La justice française décourage l’esprit d’entreprise

Lu sur Hashtable :

"Régulièrement (et particulièrement en période électorale) revient la question de savoir ce qui fait qu’en France, le taux de chômage est aussi élevé. Bien sûr, on peut trouver une explication dans la conjoncture économique actuelle, particulièrement rude. La structure des charges qui pèsent sur l’emploi forment une autre raison souvent invoquée. Ces deux facteurs sont, clairement, les plus visibles. Pour ma part, j’en identifie un troisième, plus profond. […]

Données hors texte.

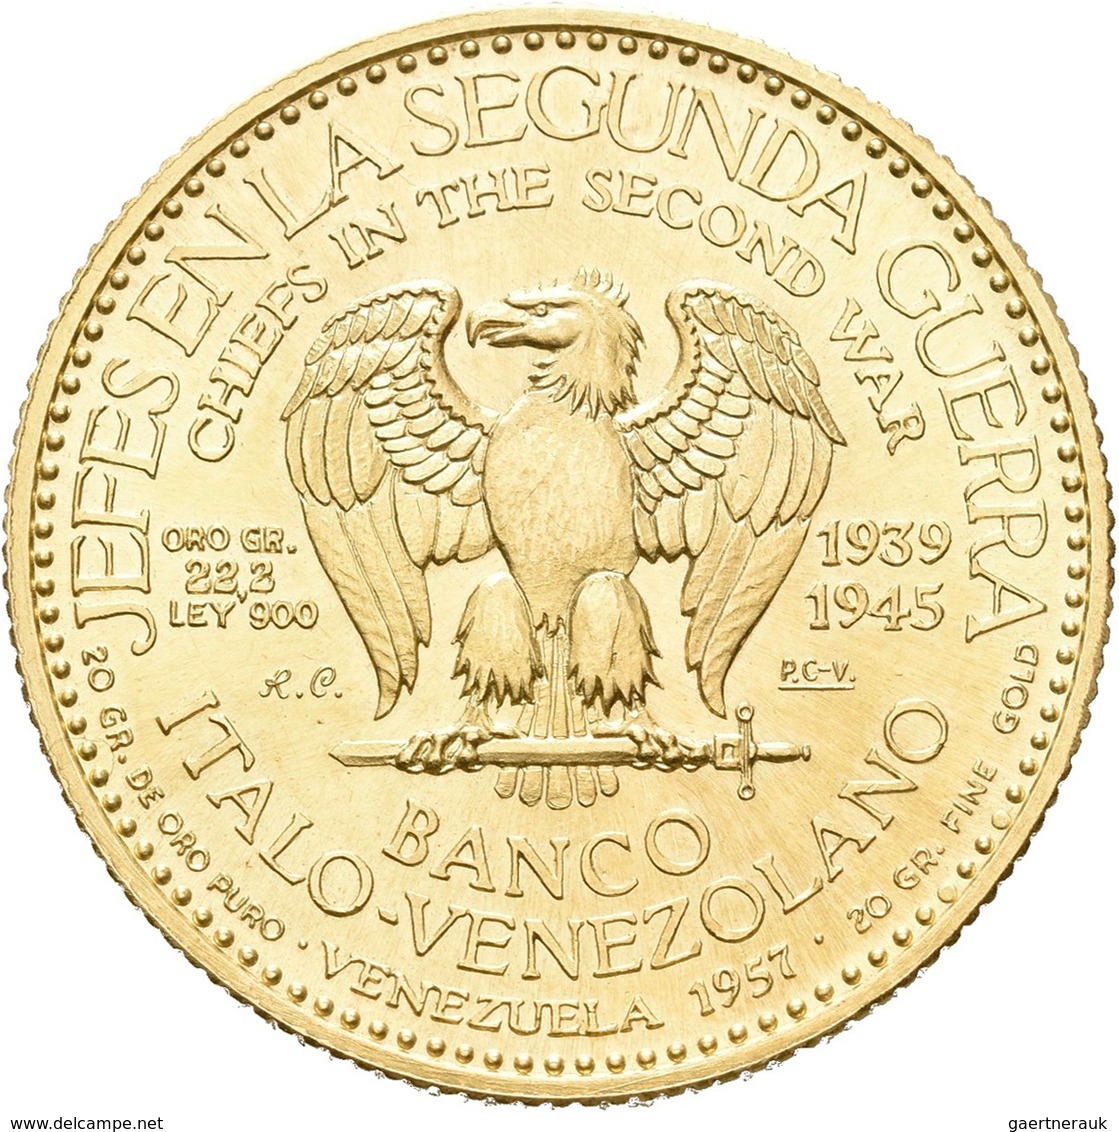 Medaillen Alle Welt: USA: Harry S. Truman, US-Präsident (1884-1972); Goldmedaille 1957 Der Banco Ita - Ohne Zuordnung

Suit une récente affaire dans laquelle la justice, en donnant tort au patron d'une PME, condamne toute la société. Dans une autre, la justice interdit à 2 sociétés de mettre en oeuvre une plan social.

"En réalité, il règne maintenant en France un esprit si farouchement opposé à l’entrepreneur, si résolument opposé au patronat, si viscéralement en contradiction avec la volonté de laisser les plus courageux d’entre nous fonder des sociétés que, petit à petit, la création d’entreprise s’étiole. Le maillage des PME s’effiloche pour ne plus laisser que des grands groupes, français ou étrangers, avec des reins juridiques suffisamment solides pour répondre à toutes les demandes farfelues, incessantes et changeantes de l’administration.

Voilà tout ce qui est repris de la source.